QUAR-VLA: Vision-Language-Action Model for Quadruped Robots
Pengxiang Ding, Han Zhao, Wenjie Zhang, Wenxuan Song, Min Zhang, Siteng Huang, Ningxi Yang, Donglin Wang
TL;DR
This work introduces QUAR-VLA, a Vision-Language-Action framework for quadruped robots that integrates visual perception and language instructions to produce executable actions, addressing the limitations of perception-only or language-only approaches. It contributes QUARD, a large-scale quadruped dataset with vision, language, and robot commands, and QUART, a decoder-only transformer that maps first-person imagery and textual instructions to discrete action tokens which are detokenized into real commands; a sim-to-real co-training pipeline bridges the sim2real gap.
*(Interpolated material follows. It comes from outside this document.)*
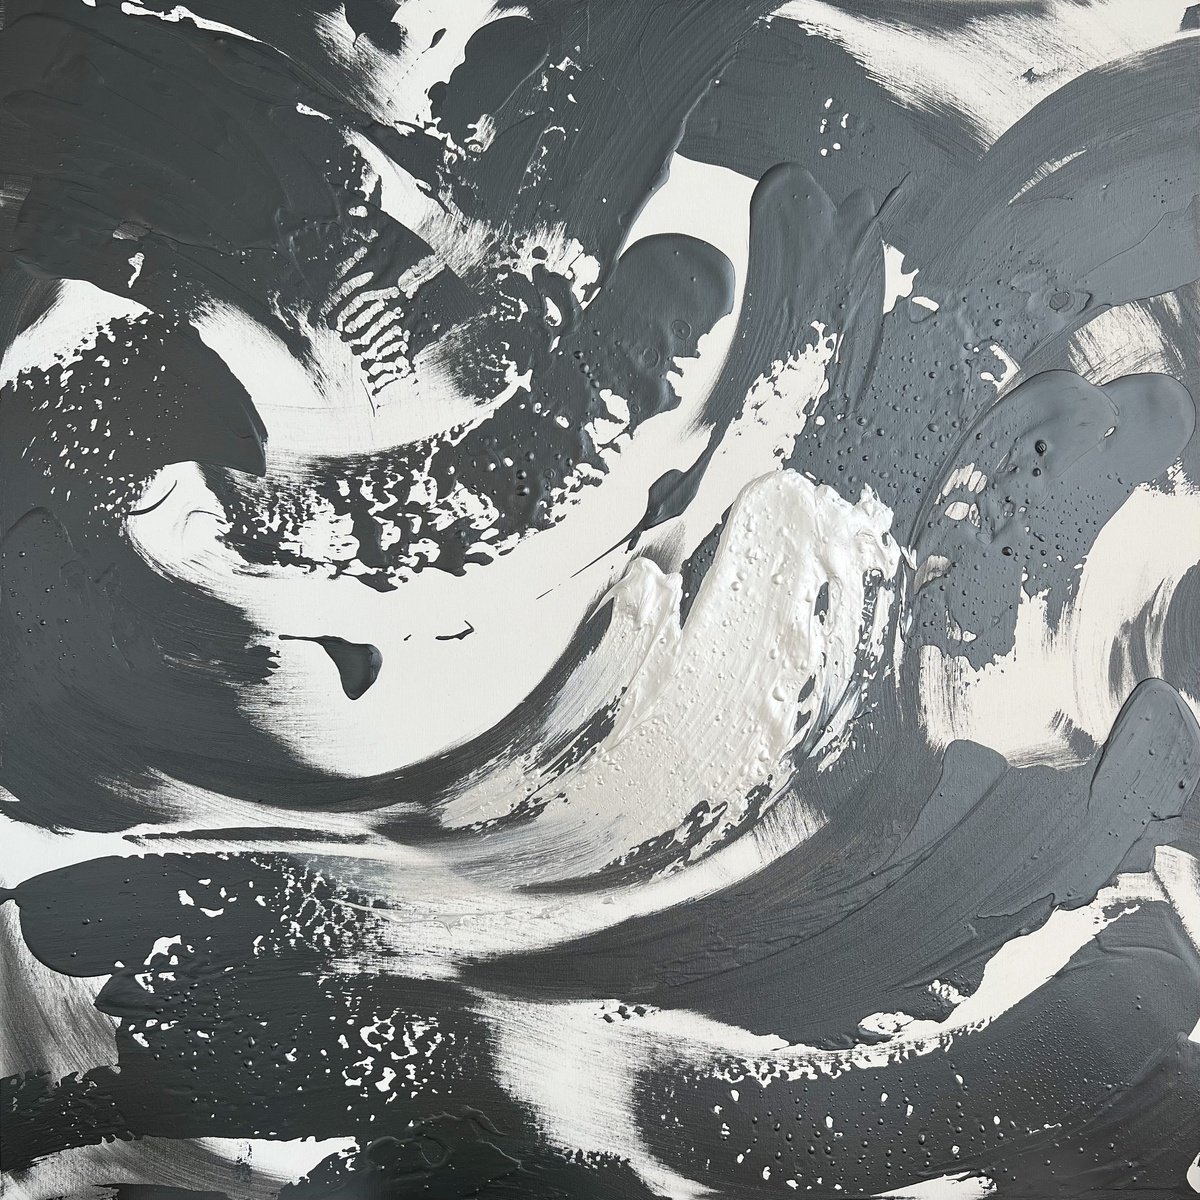 Gray and Black Silver Abstract on canvas. Emotional explosion. by Marina Skromova

Extensive experiments show QUART achieves superior multi-task performance and strong generalization to unseen objects and instructions, with robust sim2real transfer when simulated data is used. Overall, the work demonstrates emergent capabilities in quadruped control, such as complex locomotion and whole-body manipulation guided by language, advancing autonomous and versatile legged robots.
Abstract
The important manifestation of robot intelligence is the ability to naturally interact and autonomously make decisions. Traditional approaches to robot control often compartmentalize perception, planning, and decision-making, simplifying system design but limiting the synergy between different information streams. This compartmentalization poses challenges in achieving seamless autonomous reasoning, decision-making, and action execution. To address these limitations, a novel paradigm, named Vision-Language-Action tasks for QUAdruped Robots (QUAR-VLA), has been introduced in this paper. This approach tightly integrates visual information and instructions to generate executable actions, effectively merging perception, planning, and decision-making. The central idea is to elevate the overall intelligence of the robot. Within this framework, a notable challenge lies in aligning fine-grained instructions with visual perception information. This emphasizes the complexity involved in ensuring that the robot accurately interprets and acts upon detailed instructions in harmony with its visual observations. Consequently, we propose QUAdruped Robotic Transformer (QUART), a family of VLA models to integrate visual information and instructions from diverse modalities as input and generates executable actions for real-world robots and present QUAdruped Robot Dataset (QUARD), a large-scale multi-task dataset including navigation, complex terrain locomotion, and whole-body manipulation tasks for training QUART models. Our extensive evaluation (4000 evaluation trials) shows that our approach leads to performant robotic policies and enables QUART to obtain a range of emergent capabilities.